Мать. Надо порошков ей дать и малины на ночь. (Пауза.) Скоро должны мебель привезти. Столько дел, не знаю, за что хвататься. (Пауза.) Его тоже необходимо понять. Никак не может поступить в училище.

Казимира. А я не могу понять: к чему это тупое упрямство? Не принимают, значит, у него нет способностей. Два года мы вынуждены жить одни, а он всё упорствует и не известно поступит ли. Почему он не едет? Он просто разлюбил меня. Так пусть бы сказал прямо. Для чего я бросила родителей и приехала с детьми в эту суматошную Москву? Как это глупо и никому не нужно!

Картина 8

1908. Москва. Комната в доме-коммуне художников в Посланниковом переулке.

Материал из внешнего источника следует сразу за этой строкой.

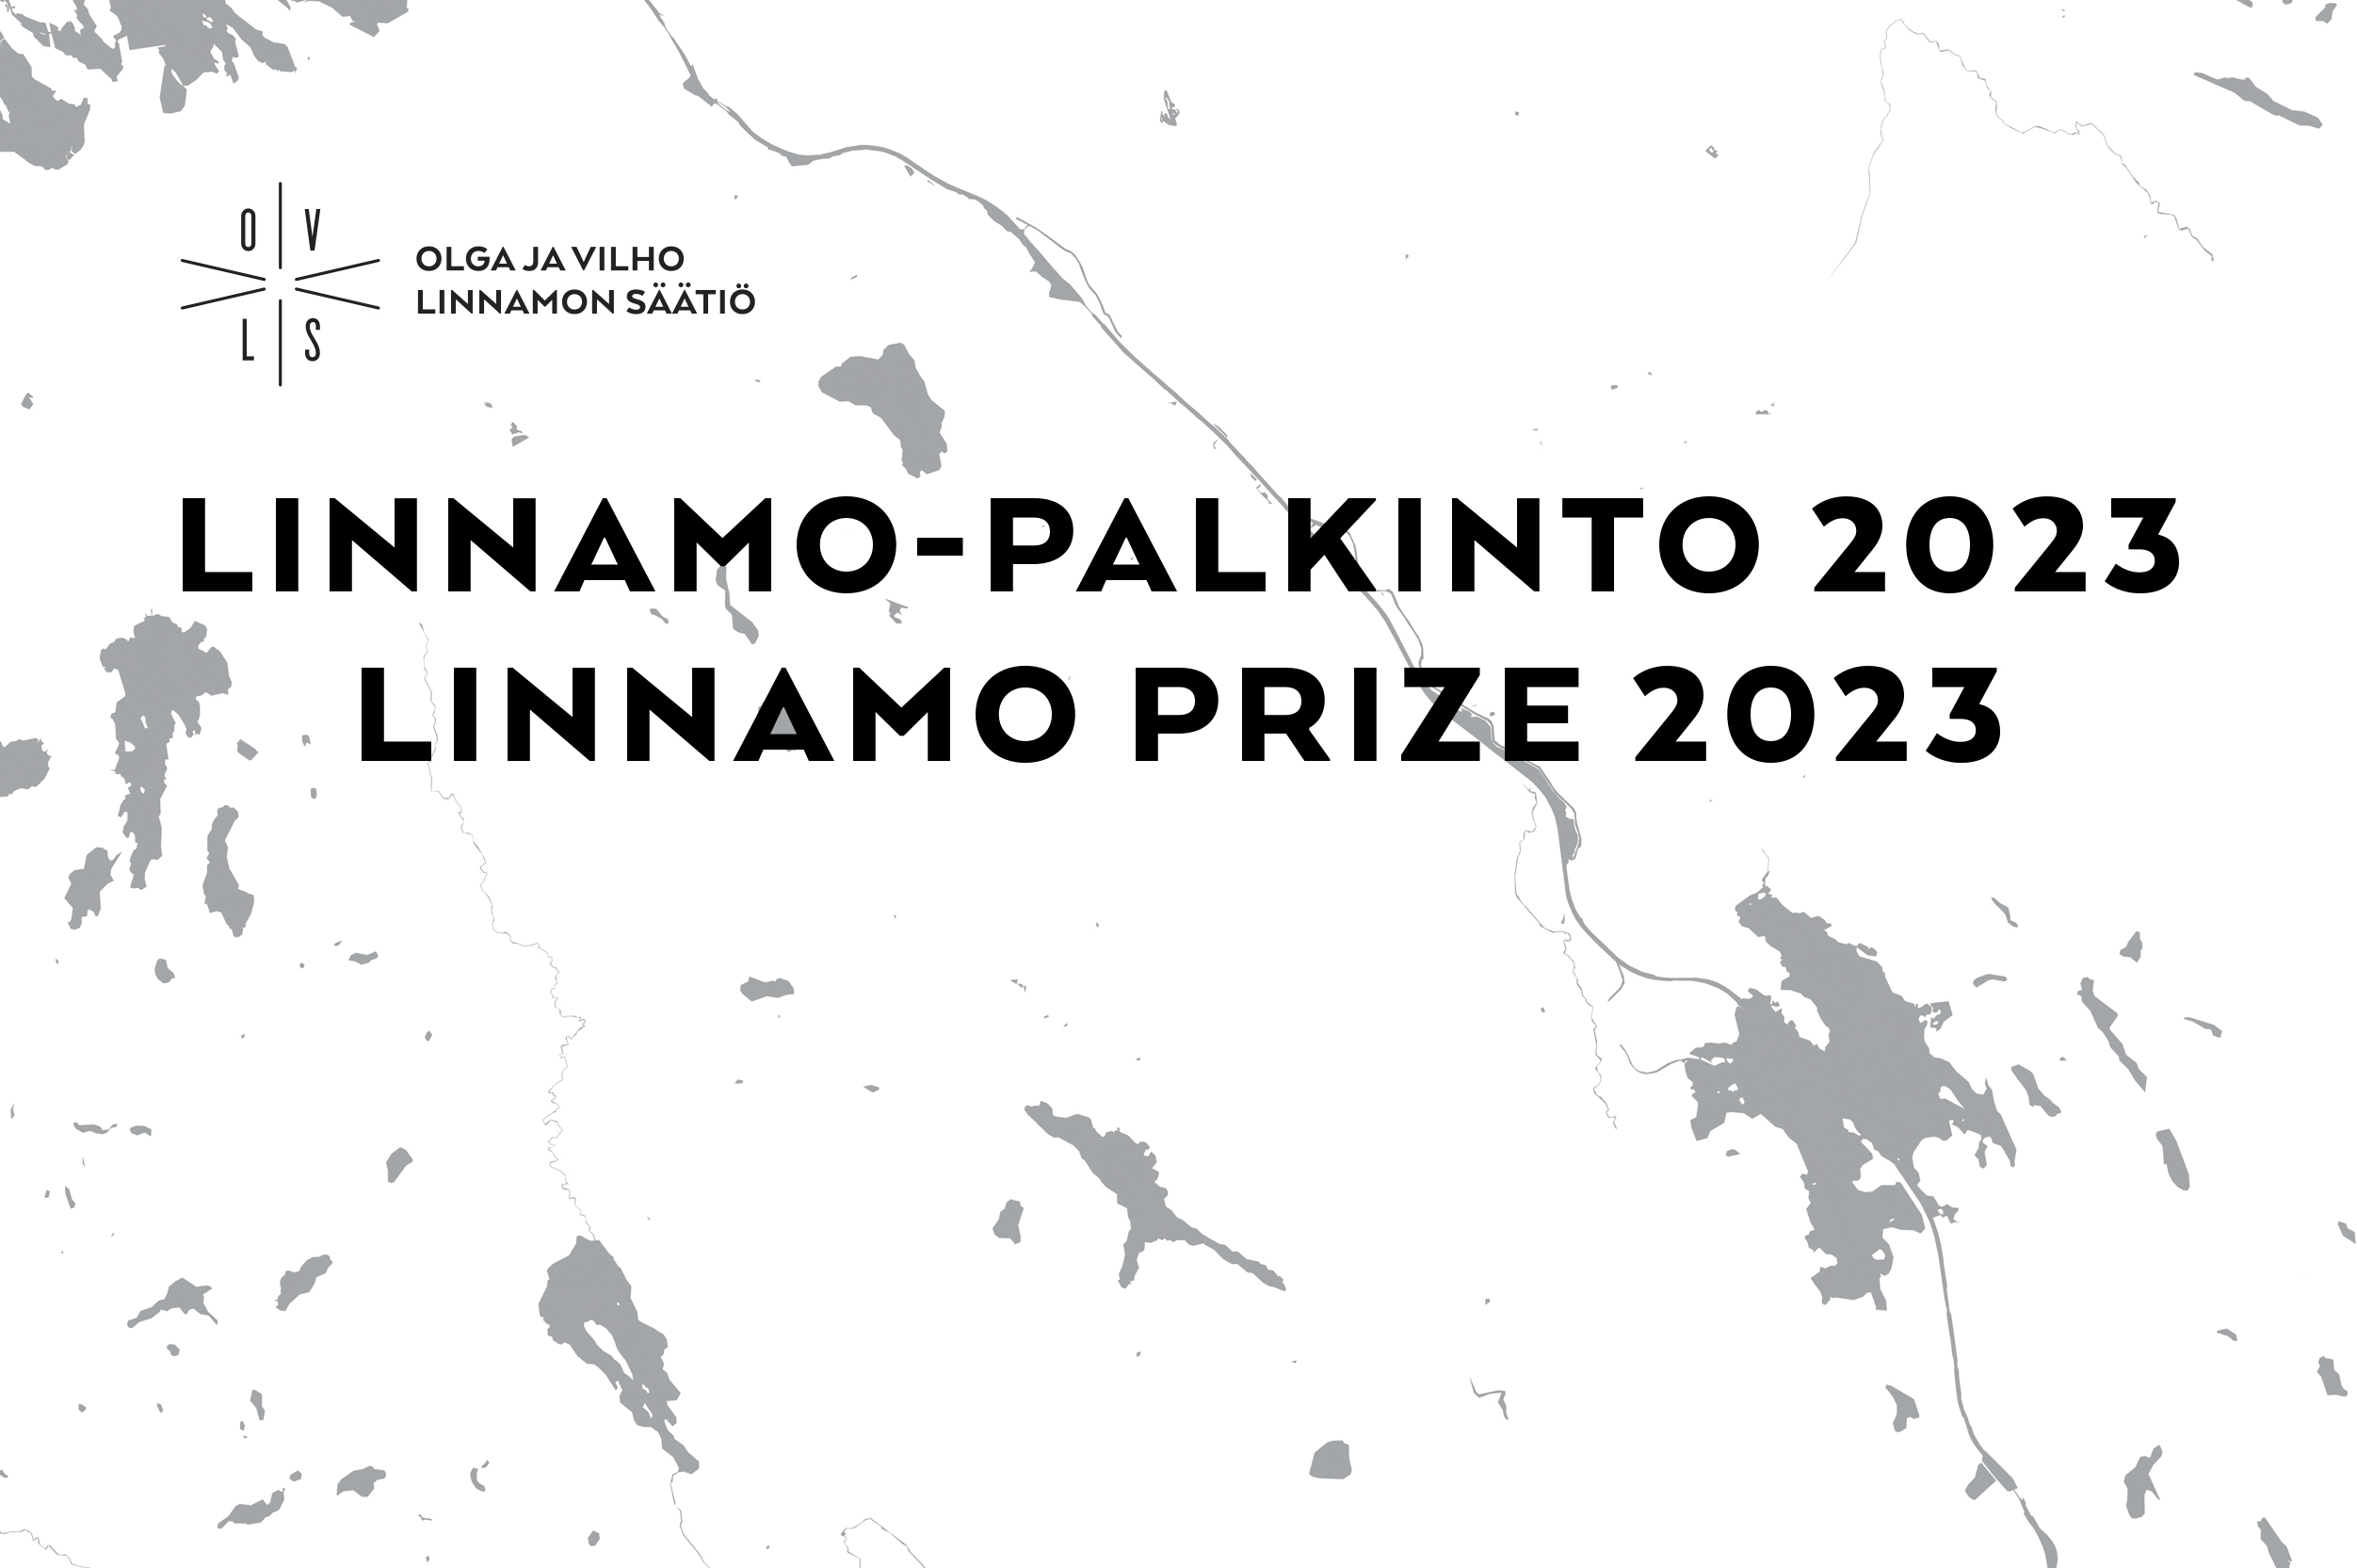 The 2023 Linnamo award ceremony
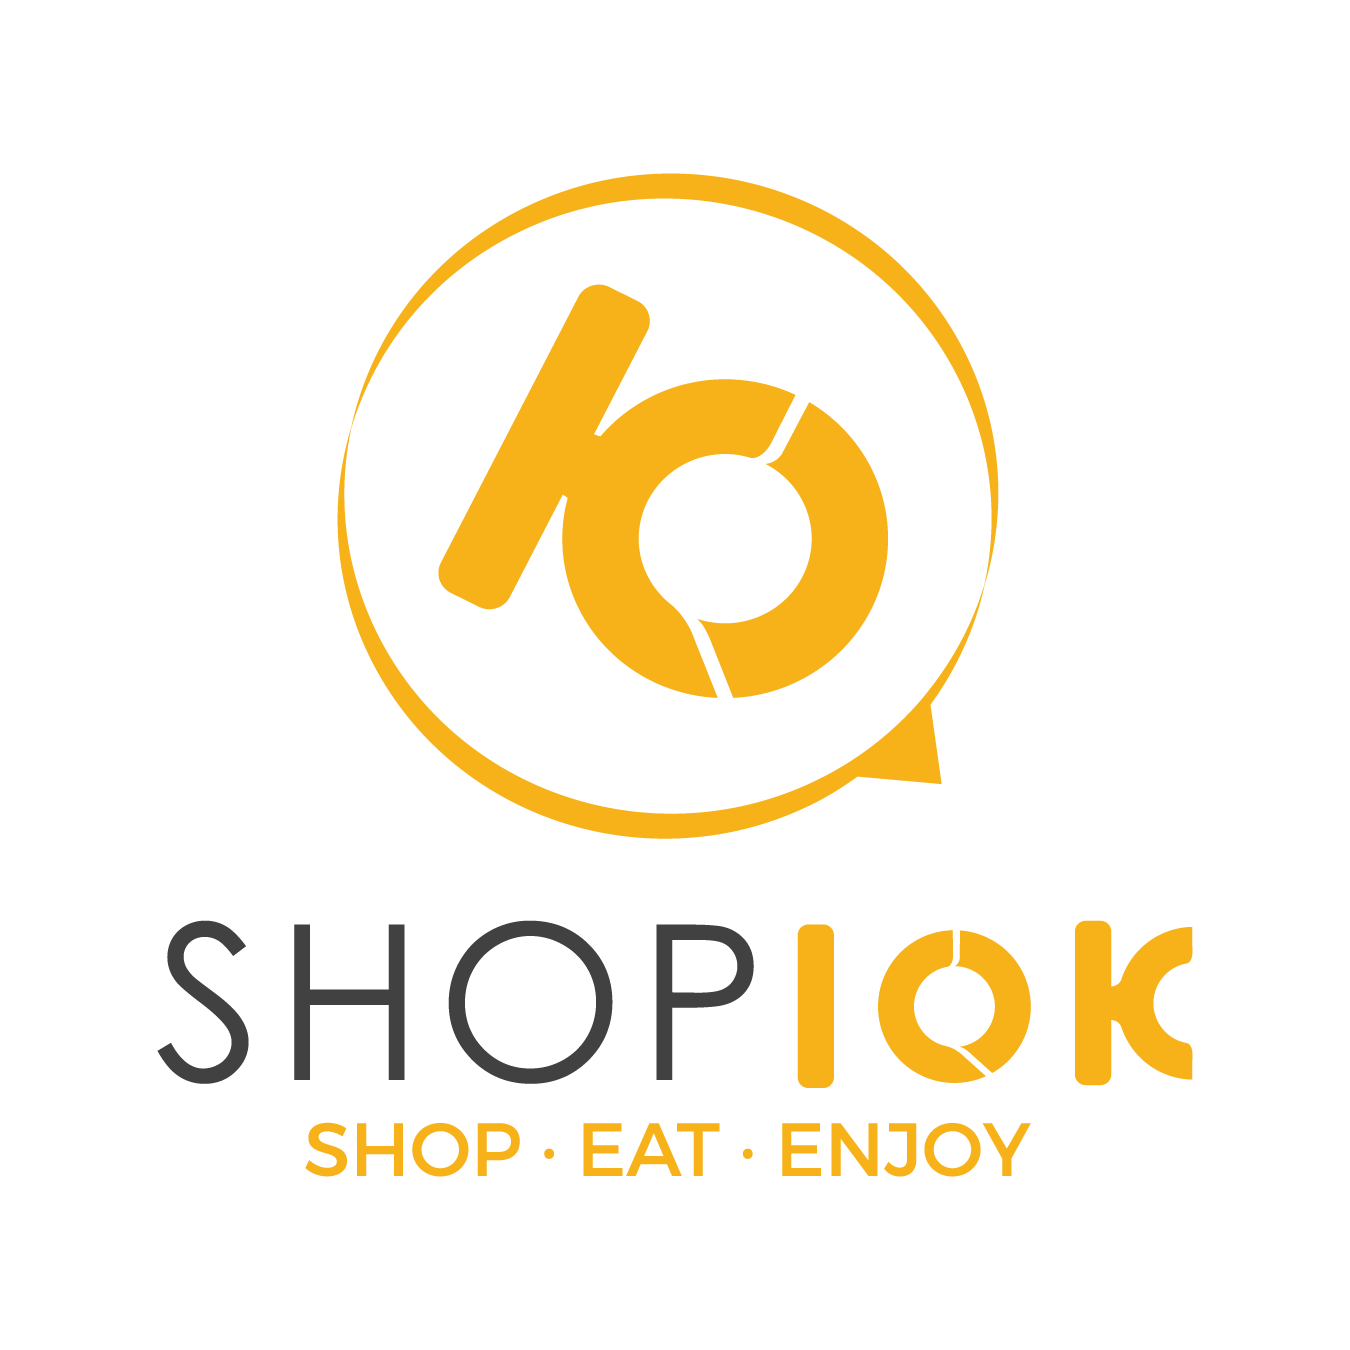 Shop10k

Казимир и Клюн.

Клюн. Тут тебя твои ищут. Спрашивают. А я не знаю, что отвечать? Говорю: должен быть со дня на день. Как съездил?

Казимир. Нормально. Пора заняться делом. Скоро начнутся занятия у Фёдора Ивановича.

Клюн. Удалось что-нибудь заработать?

Казимир. Поначалу учил рисованию сынка помещика Родионова. Парень безнадёжен. Отец жадный — заплатили копейки. Тут праздники подошли — пасха. Яички расписывал. В шутку изобразил для соседки Родионова, молодой вдовы, на яичке сидящую курочку и пляшущего около неё петушка. Так представь — примчалась сама и увезла меня к себе. Я сопротивляться не стал — дамочка интересная. (Достаёт фотографию, протягивает Клюну.) Вот, глянь.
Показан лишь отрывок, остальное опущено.